Strong Scaling and Amdahl's Law
Strong scaling is a measure of how, for a fixed overall problem size, the time to solution decreases as more processors are added to a system. An application that exhibits linear strong scaling has a speedup equal to the number of processors used.
Strong scaling is usually equated with Amdahl's Law, which specifies the maximum speedup that can be expected by parallelizing portions of a serial program. Essentially, it states that the maximum speedup S of a program is:
$$S=\frac{1}{(1−P)+P/N}$$
Here P is the fraction of the total serial execution time taken by the portion of code that can be parallelized and N is the number of processors over which the parallel portion of the code runs.

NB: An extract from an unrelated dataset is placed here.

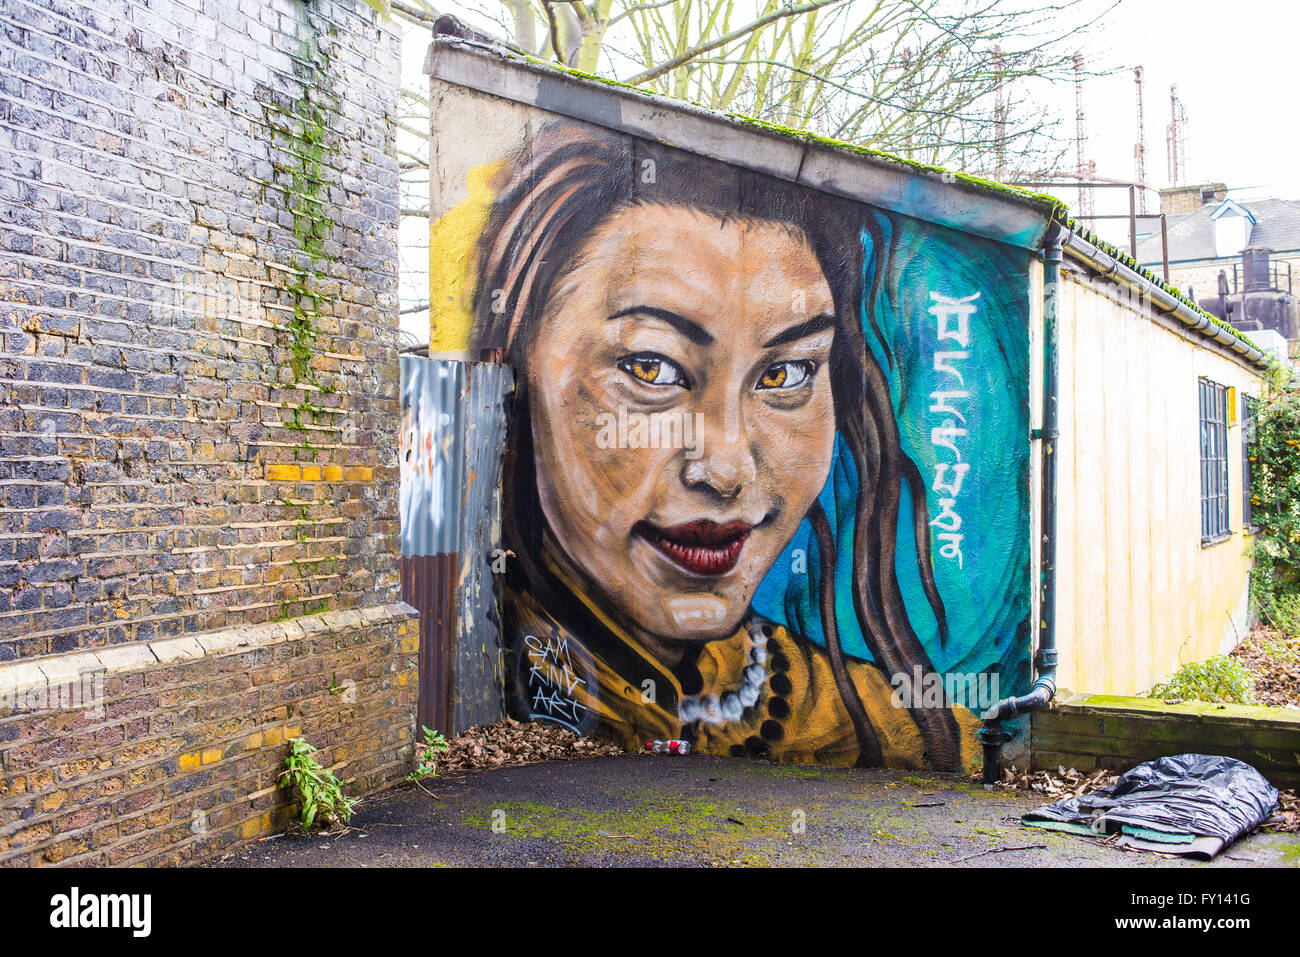 Mural graffiti representing a smiling Asian girl painted on the wall of a small building. Brick wall on the side. Stock Photo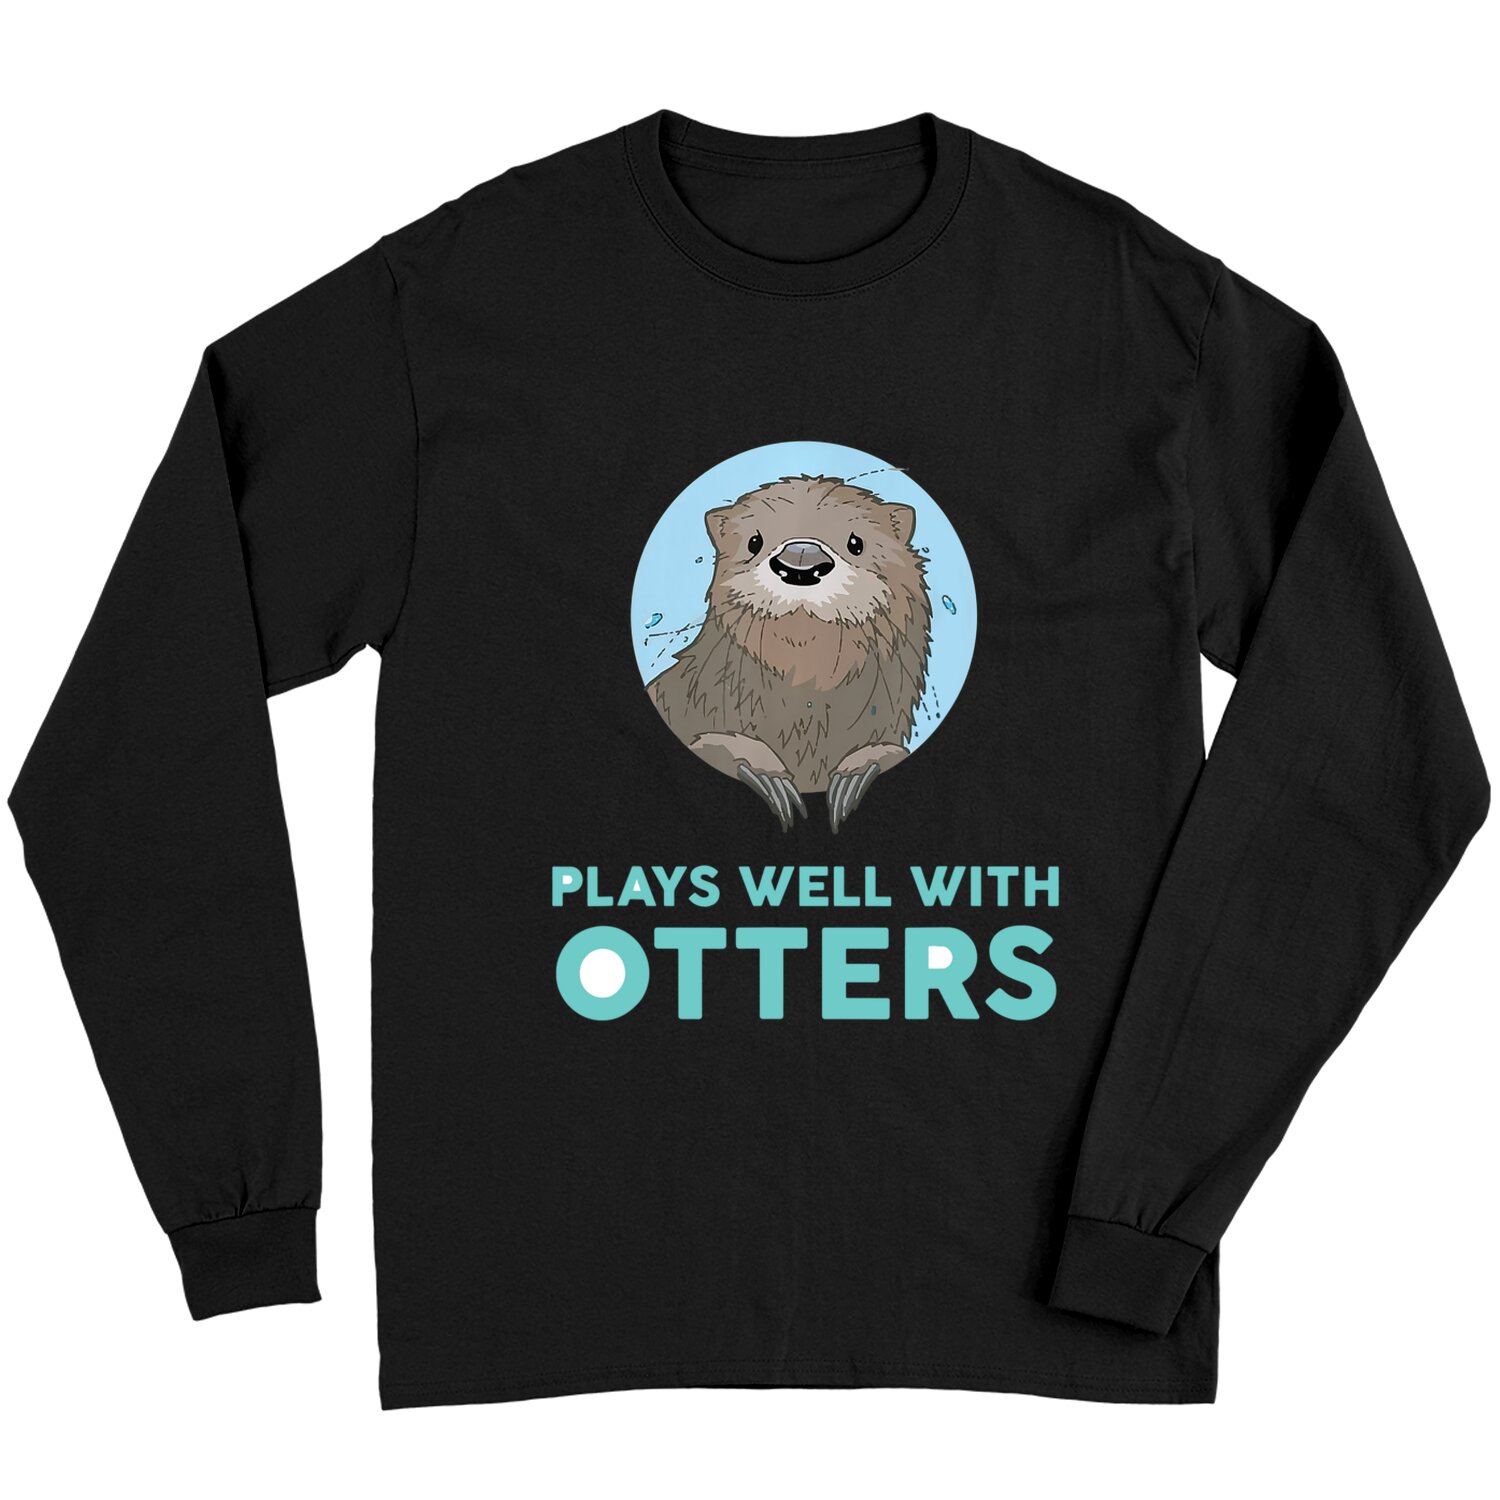 Otter Puns Long Sleeves Plays Well With Otters

In reality, most applications do not exhibit perfectly linear strong scaling, even if they do exhibit some degree of strong scaling. For most purposes, the key point is that the larger the parallelizable portion P is, the greater the potential speedup. Conversely, if P is a small number (meaning that the application is not substantially parallelizable), increasing the number of processors N does little to improve performance. Therefore, to get the largest speedup for a fixed problem size, it is worthwhile to spend effort on increasing P, maximizing the amount of code that can be parallelized.
Weak Scaling and Gustafson's Law
Weak scaling is a measure of how the time to solution changes as more processors are added to a system with a fixed problem size per processor; i.e., where the overall problem size increases as the number of processors is increased.
Weak scaling is often equated with Gustafson's Law, which states that in practice, the problem size scales with the number of processors. Because of this, the maximum speedup S of a program is:
$$S=(1-P)+NP$$
Here P is the fraction of the total serial execution time taken by the portion of code that can be parallelized and N is the number of processors over which the parallel portion of the code runs.
the scaled speedup is calculated based on the amount of work done for a scaled problem size (in contrast to Amdahl’s law which focuses on fixed problem size). Or say, it is not the problem size that remains constant as we scale up the system but rather the execution time.